Pomocnik Sandecji Adrian Danek przyznał, że sobotni przeciwnik jakoś specjalnie nie zaskoczył jego i kolegów. - Arka była po prostu bardzo skuteczna w swoich sytuacjach - powiedział 23-latek. - Wiedzieliśmy o tym, że gdynianie są groźni po stałych fragmentach gry. Niestety, doszły też do tego decyzje systemu VAR i mecz ułożył się dla nas niezbyt szczęśliwie - dopowiedział zawodnik, który tym razem rozegrał pełne zawody.
Dla Sandecji był to ósmy kolejny mecz ekstraklasy, w którym nie potrafiła wygrać. - Nie wiem, co się z nami dzieje. Myślę jednak, że wszystko co złe siedzi w naszych głowach. Musimy to jakoś przełamać, coś zmienić. Jak wiadomo każda zła seria kiedyś się kończy i tak zapewne będzie też w naszym przypadku. Musimy być optymistami.
Tymczasem Piast Gliwice zremisował swoje spotkanie z Pogonią w Szczecinie 2:2. Dzięki wywalczeniu tego „oczka” gliwiczanie plasujący się na przedostatnim miejscu w lidze tracą już tylko jeden punkt do sądeczan i Cracovii, które uzbierały po 18 pkt.
- Niestety, ale nie możemy liczyć na wyniki innych drużyn, że ktoś nam w jakiś sposób pomoże, coś ułatwi. Tak to nie działa. Po prostu sami musimy zacząć punktować, najlepiej za trzy. W Przeciwnym razie nic się nie zmieni i dalej będzie tak jak teraz. Nie da się też ukryć, że naszym celem od początku sezonu jest utrzymanie się w ekstraklasie. Tak było po każdej kolejce, nawet po naszych nieoczekiwanych zwycięstwach. Przed nami jeszcze sporo kolejek, w których będziemy chcieli zaprezentować się jak najlepiej. Wiemy, o co gramy.

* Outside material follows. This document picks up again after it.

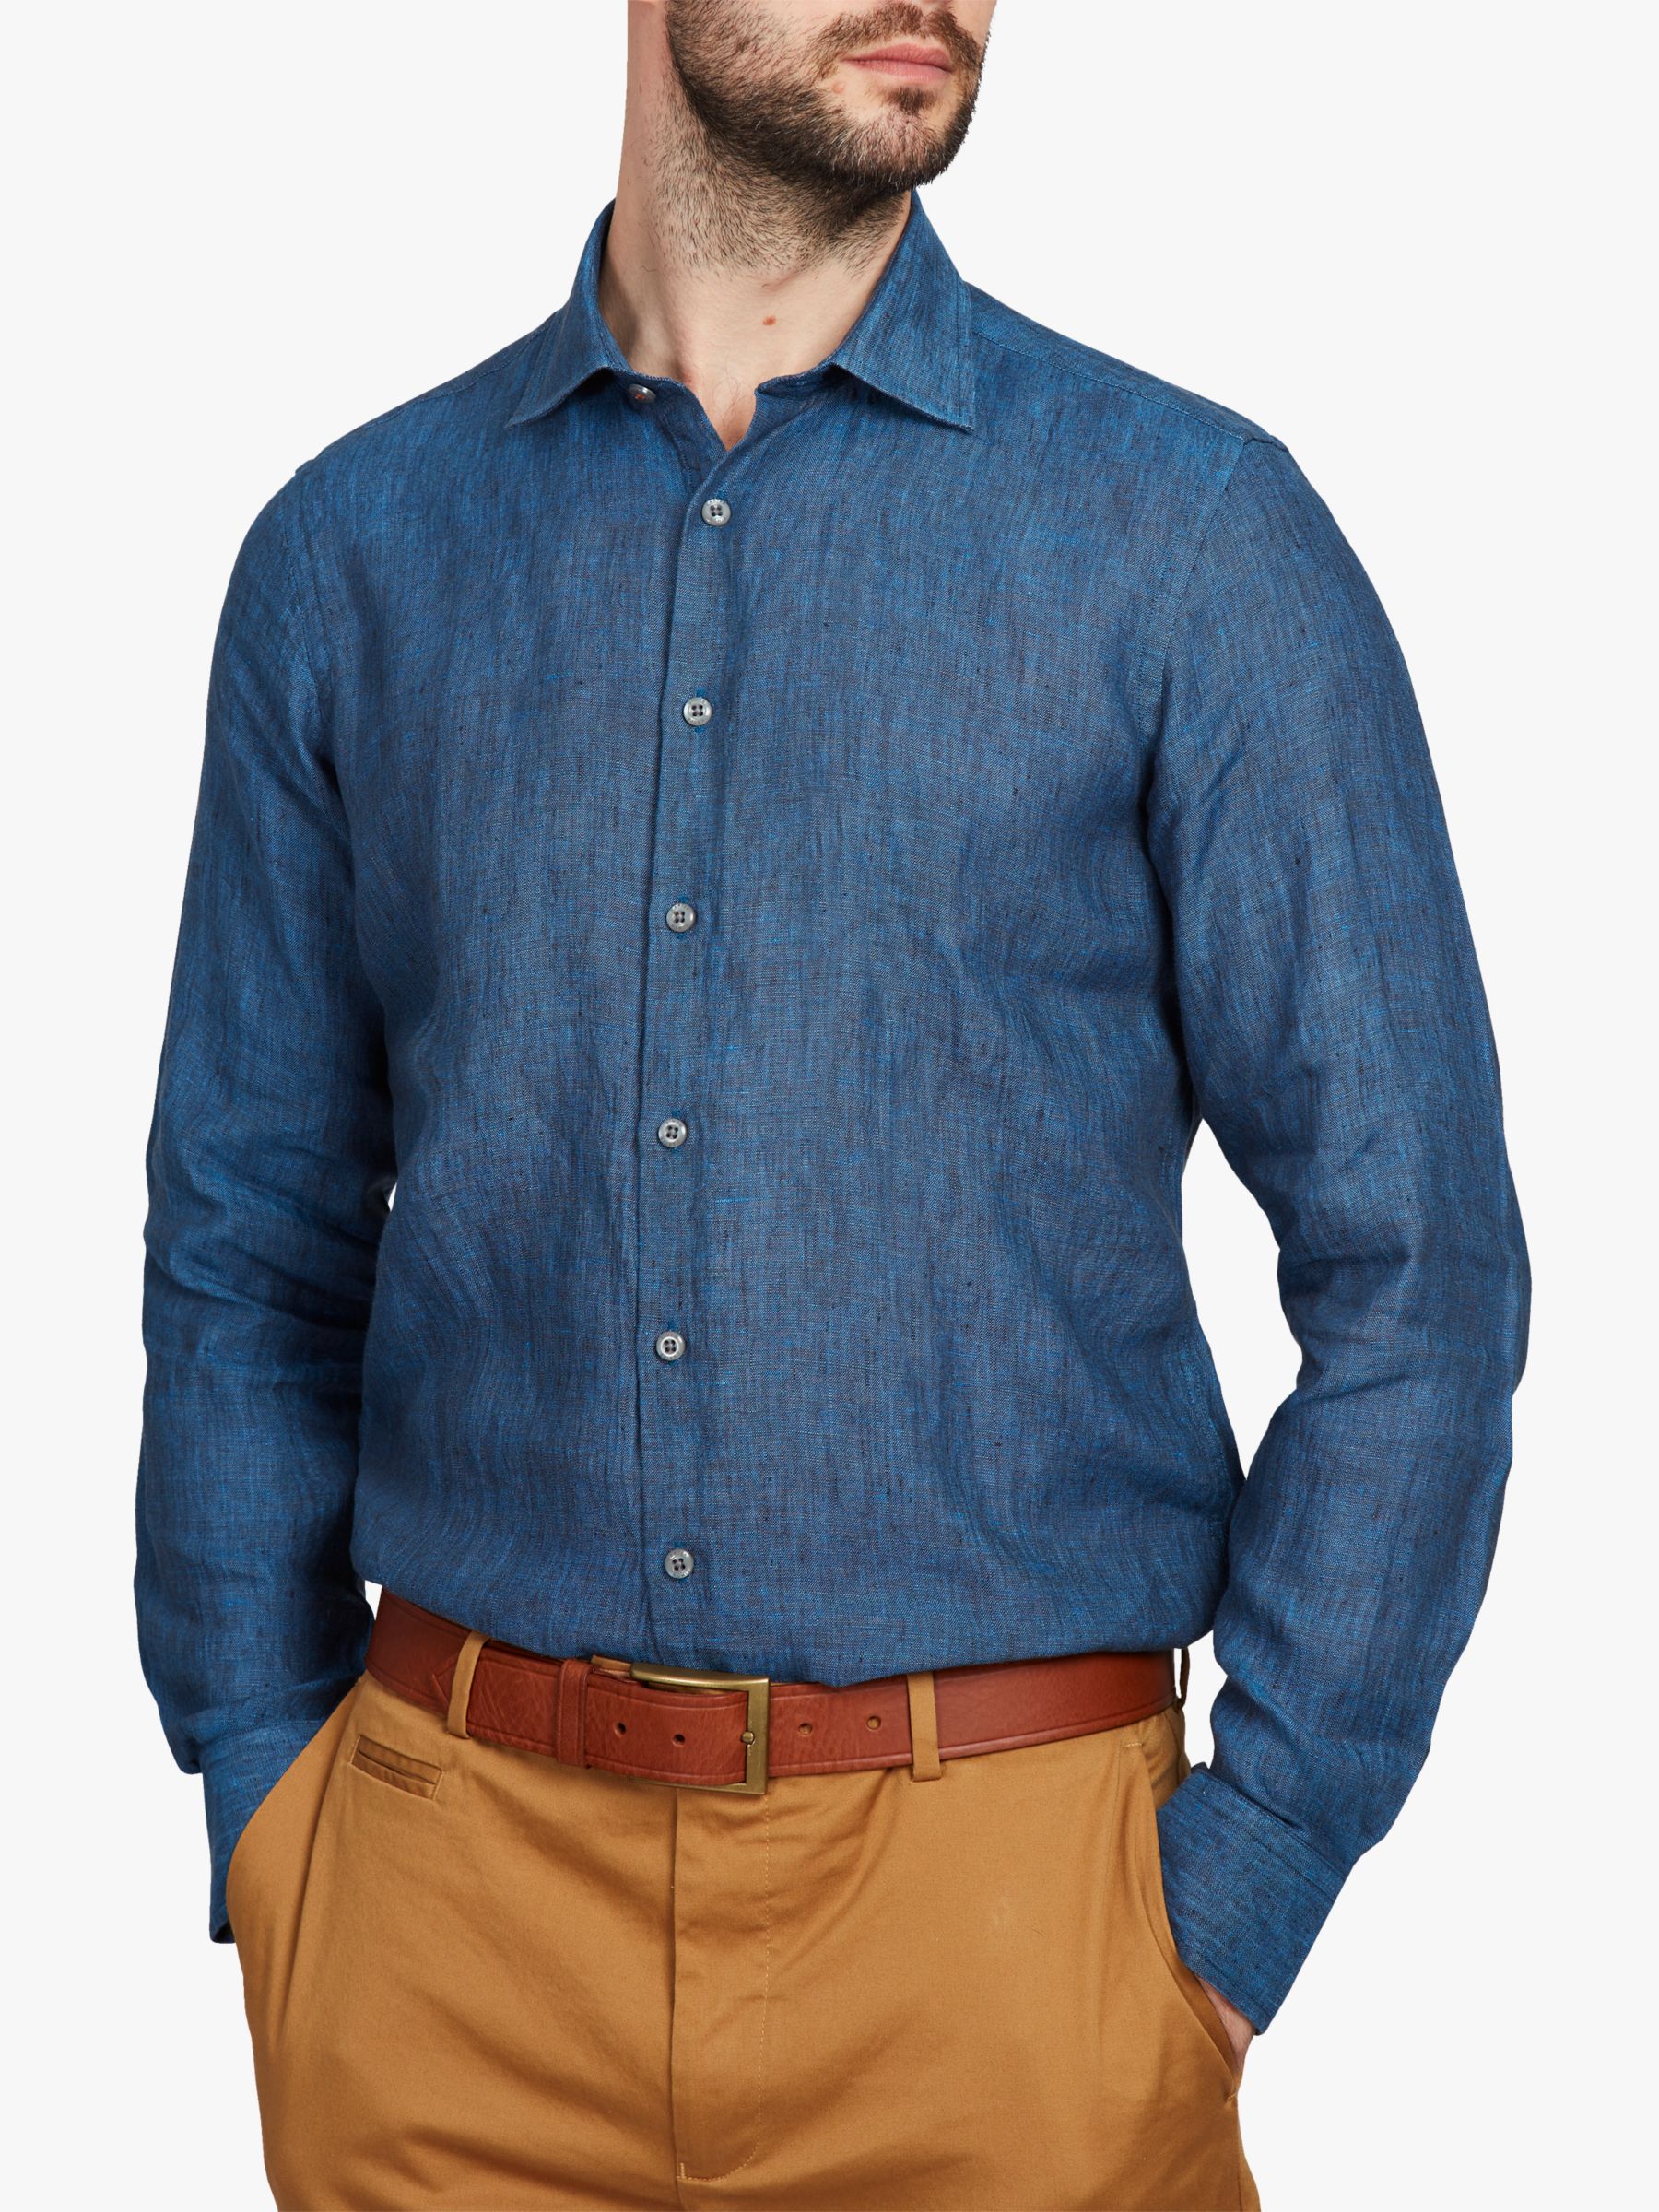 Simon Carter Plain Linen Shirt, Indigo, S

Teraz przed Sandecją trudny mecz z podrażnioną Legią Warszawa, która ostatnio przegrała w Kielcach z Koroną 2:3. - Zdajemy sobie sprawę z tego, że w takim spotkaniu z pewnością ciężko będzie przełamać naszą złą passę. Nie pozostaje nam jednak nic innego jak wierzyć w to, że jednak wygramy. Kilka razy pokazywaliśmy już bowiem w trwającym sezonie, że potrafimy pokonywać te topowe zespoły, faworytów (3:1 z Jagiellonią Białystok i 3:2 z Lechią Gdańsk - przyp. red.). Fajnie, żeby podobnie było w starciu z warszawianami. Na pewno nie będziemy odstawiać nogi i nie przestraszymy się przeciwnika. Ekstraklasa jest nieobliczalna, w tej lidze wszystko może się zdarzyć - podsumował Danek.